Only the lines from the beginning of the data through the line holding "Screechers Wild - US683153" belong in the answer, printed exactly and without pictures.

> _Given data_
□ □ □

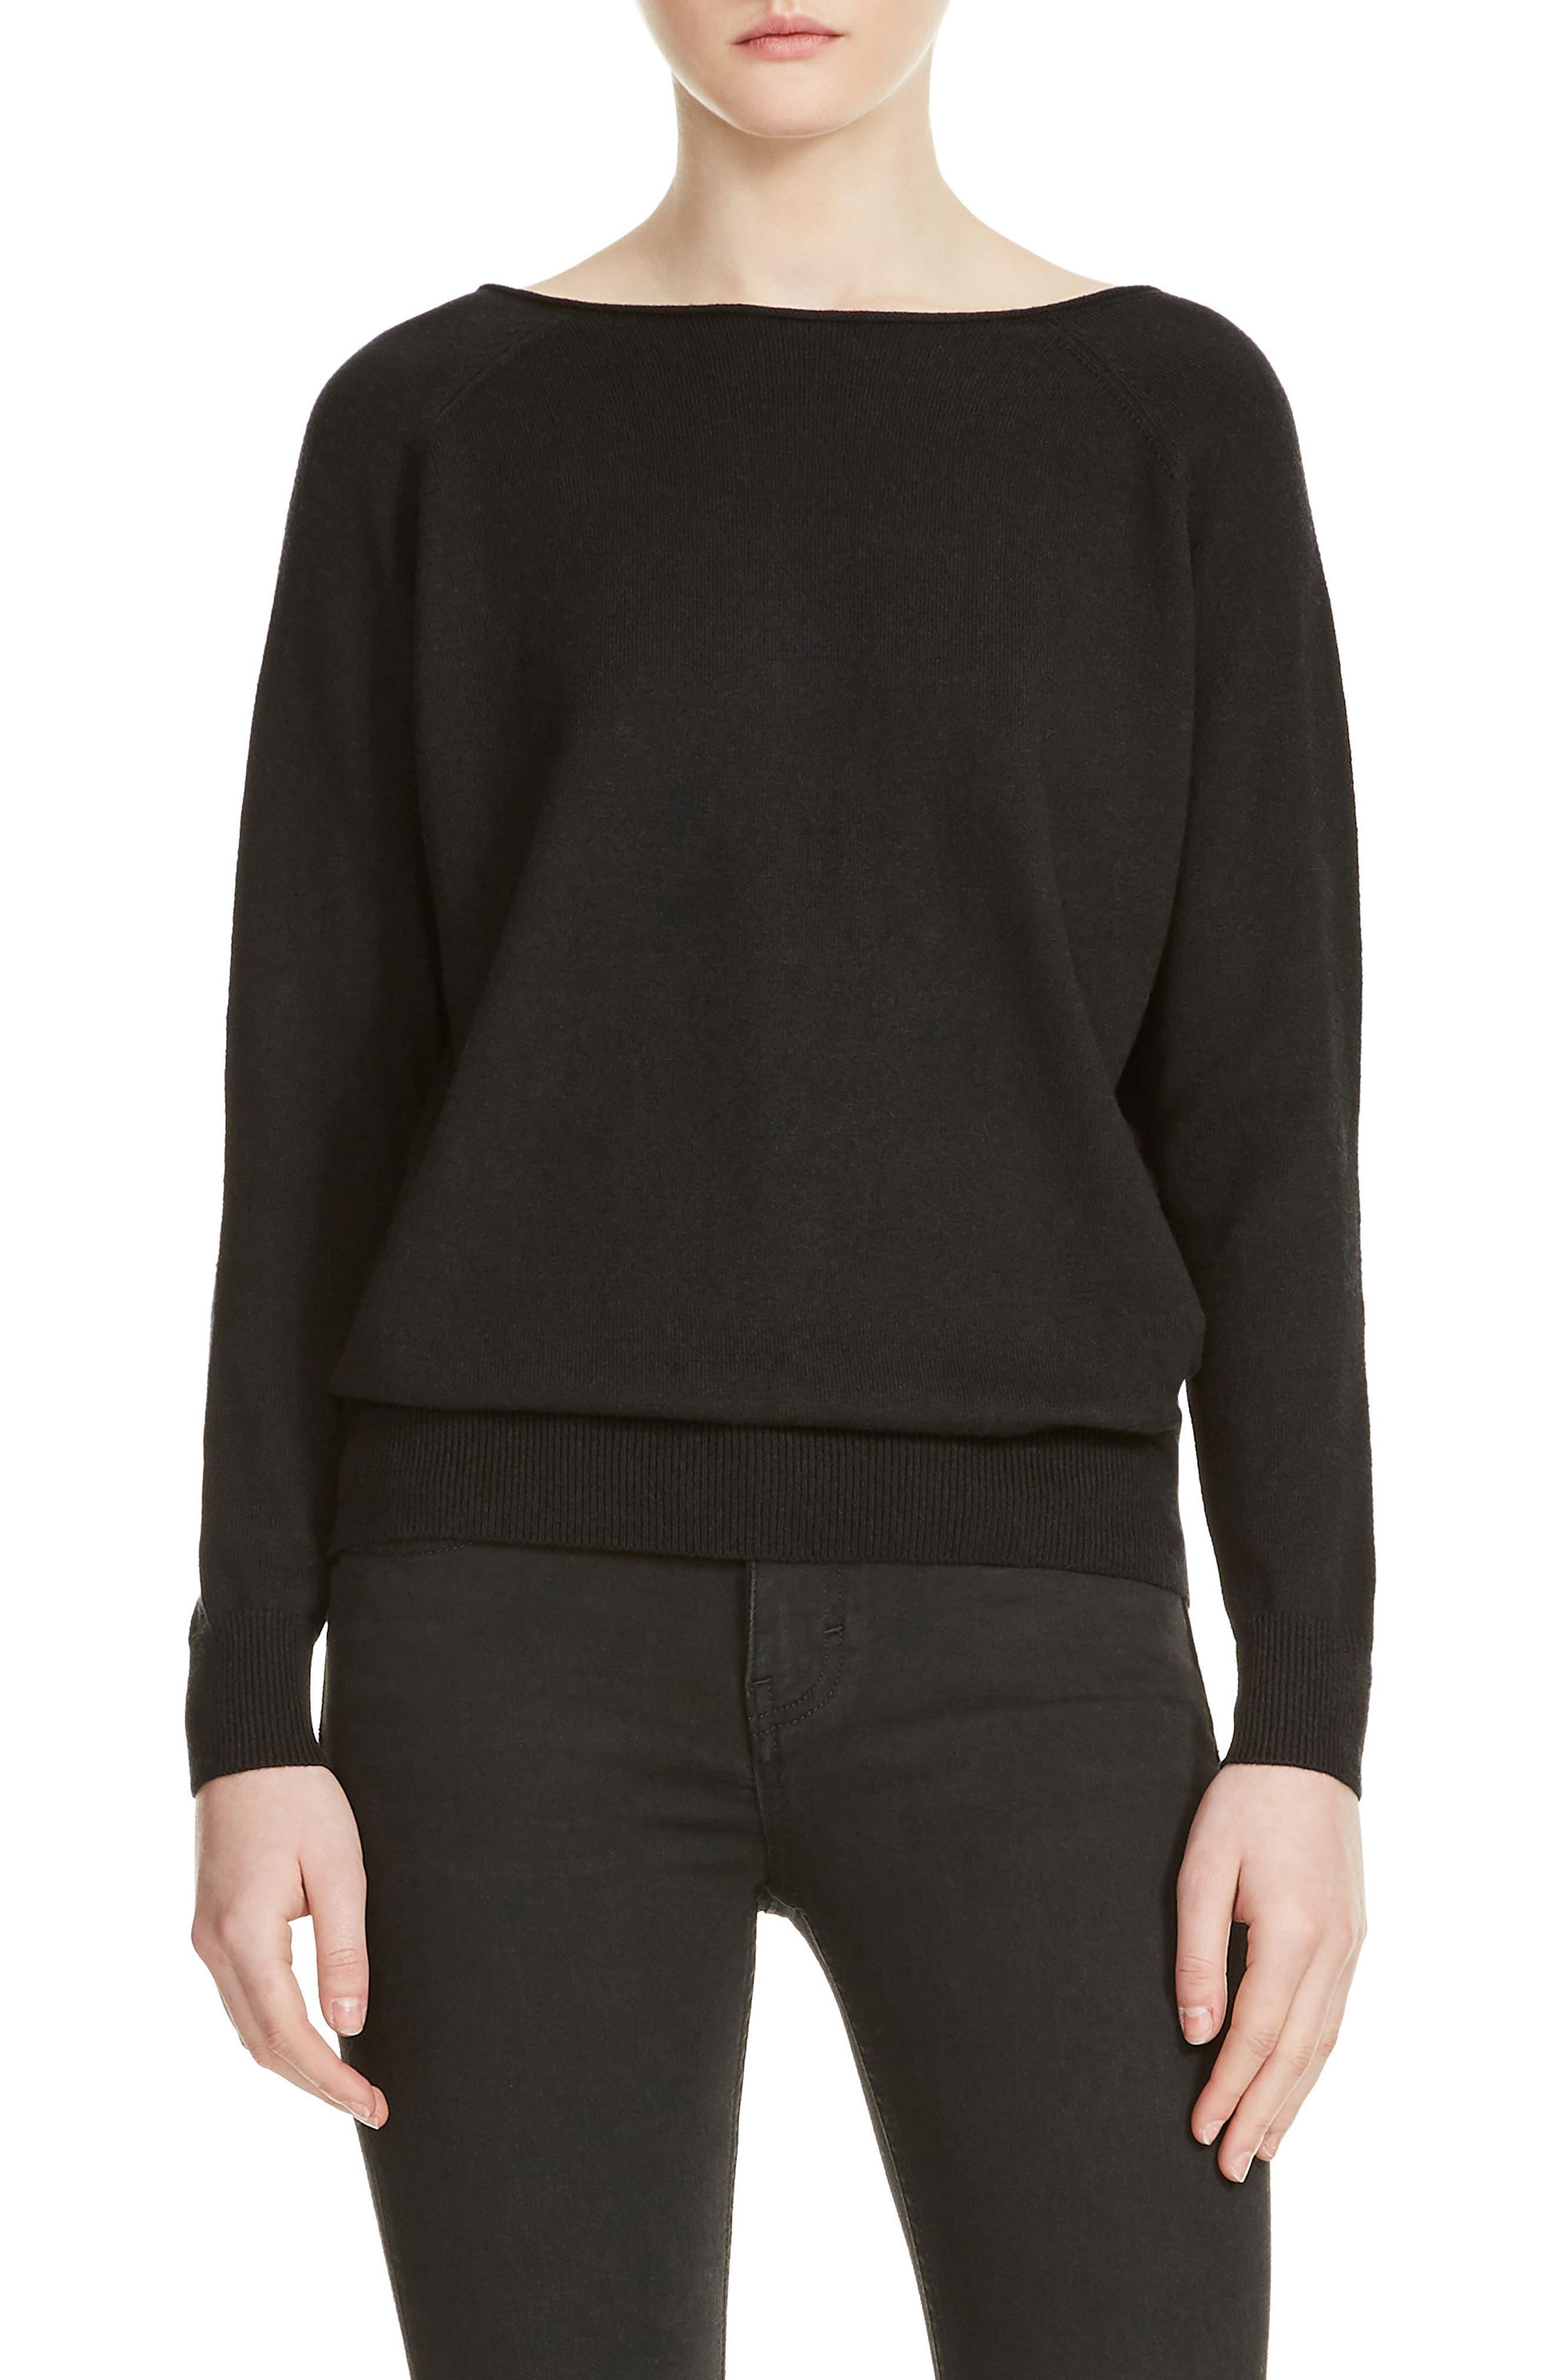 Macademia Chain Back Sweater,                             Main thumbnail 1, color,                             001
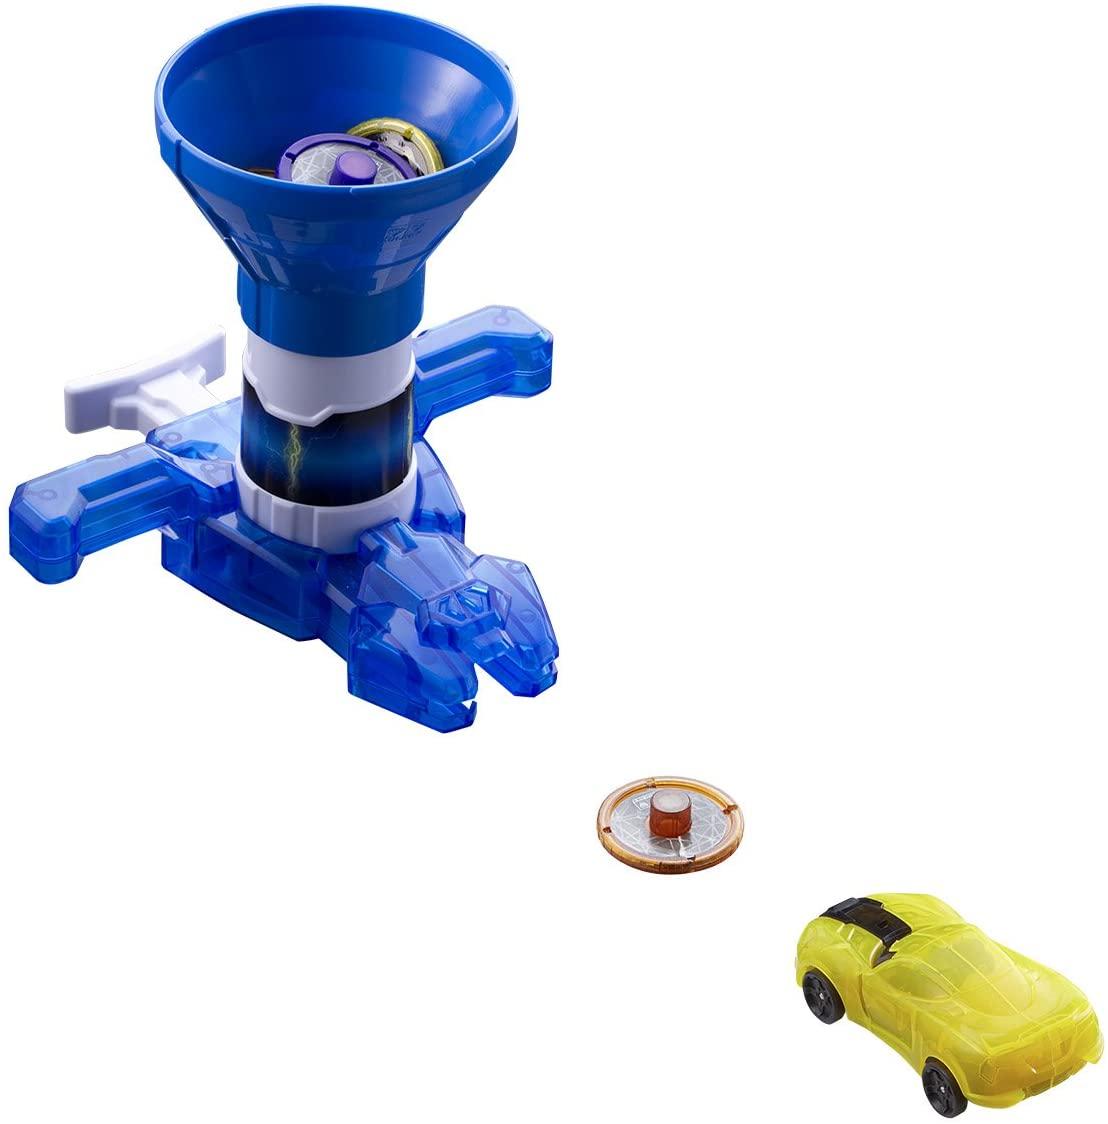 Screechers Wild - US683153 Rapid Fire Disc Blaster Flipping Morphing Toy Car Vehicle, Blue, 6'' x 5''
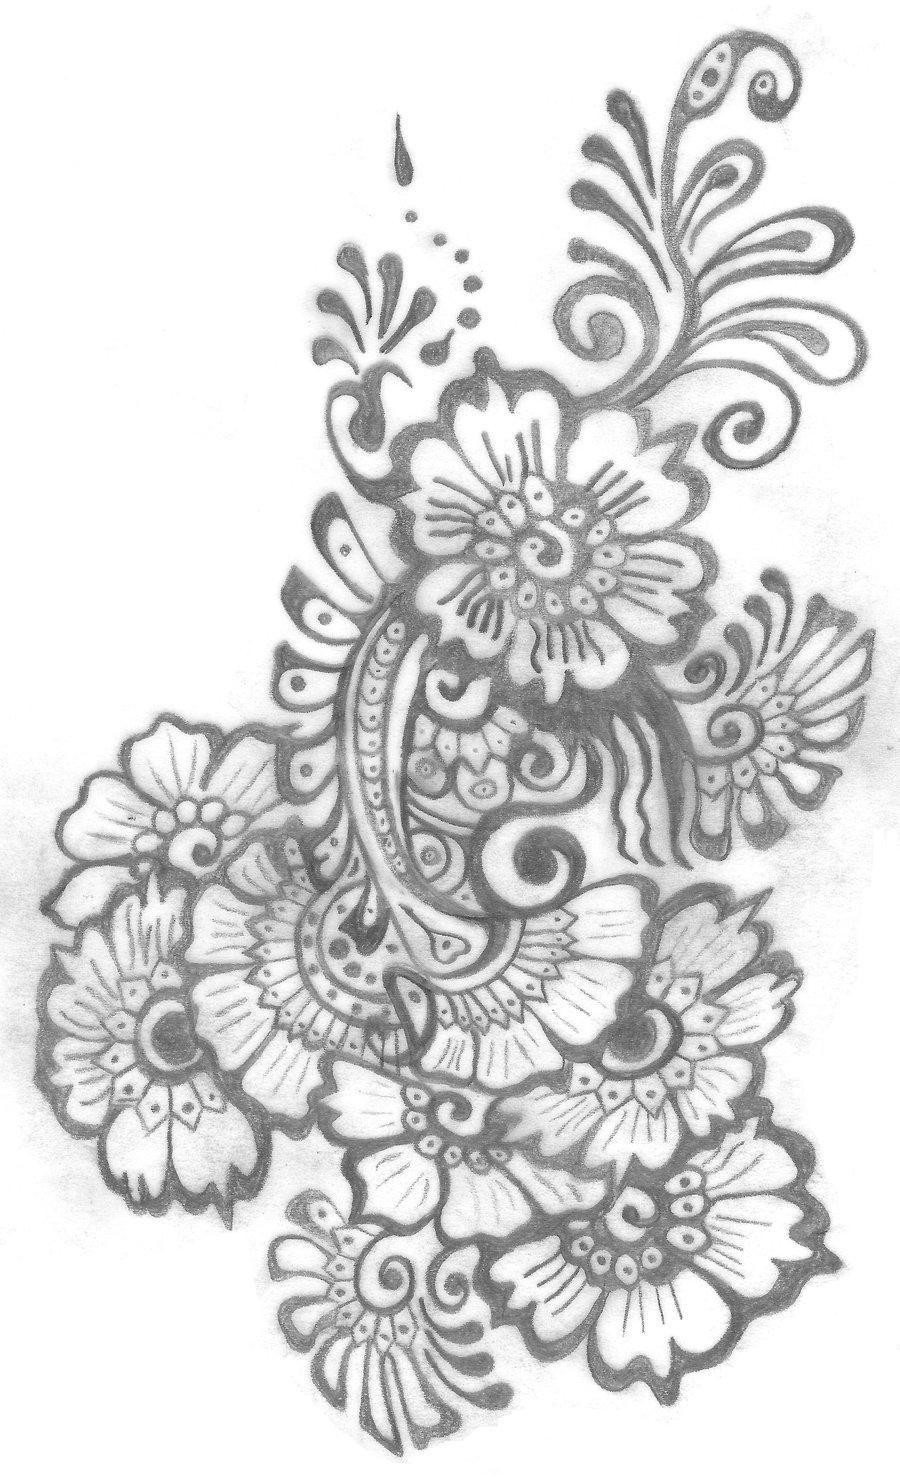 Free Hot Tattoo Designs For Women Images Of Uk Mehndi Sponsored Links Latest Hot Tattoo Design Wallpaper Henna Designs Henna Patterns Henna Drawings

□ □ □

> _Response for this exercise_
 Macademia Chain Back Sweater,                             Main thumbnail 1, color,                             001
 Screechers Wild - US683153 Rapid Fire Disc Blaster Flipping Morphing Toy Car Vehicle, Blue, 6'' x 5''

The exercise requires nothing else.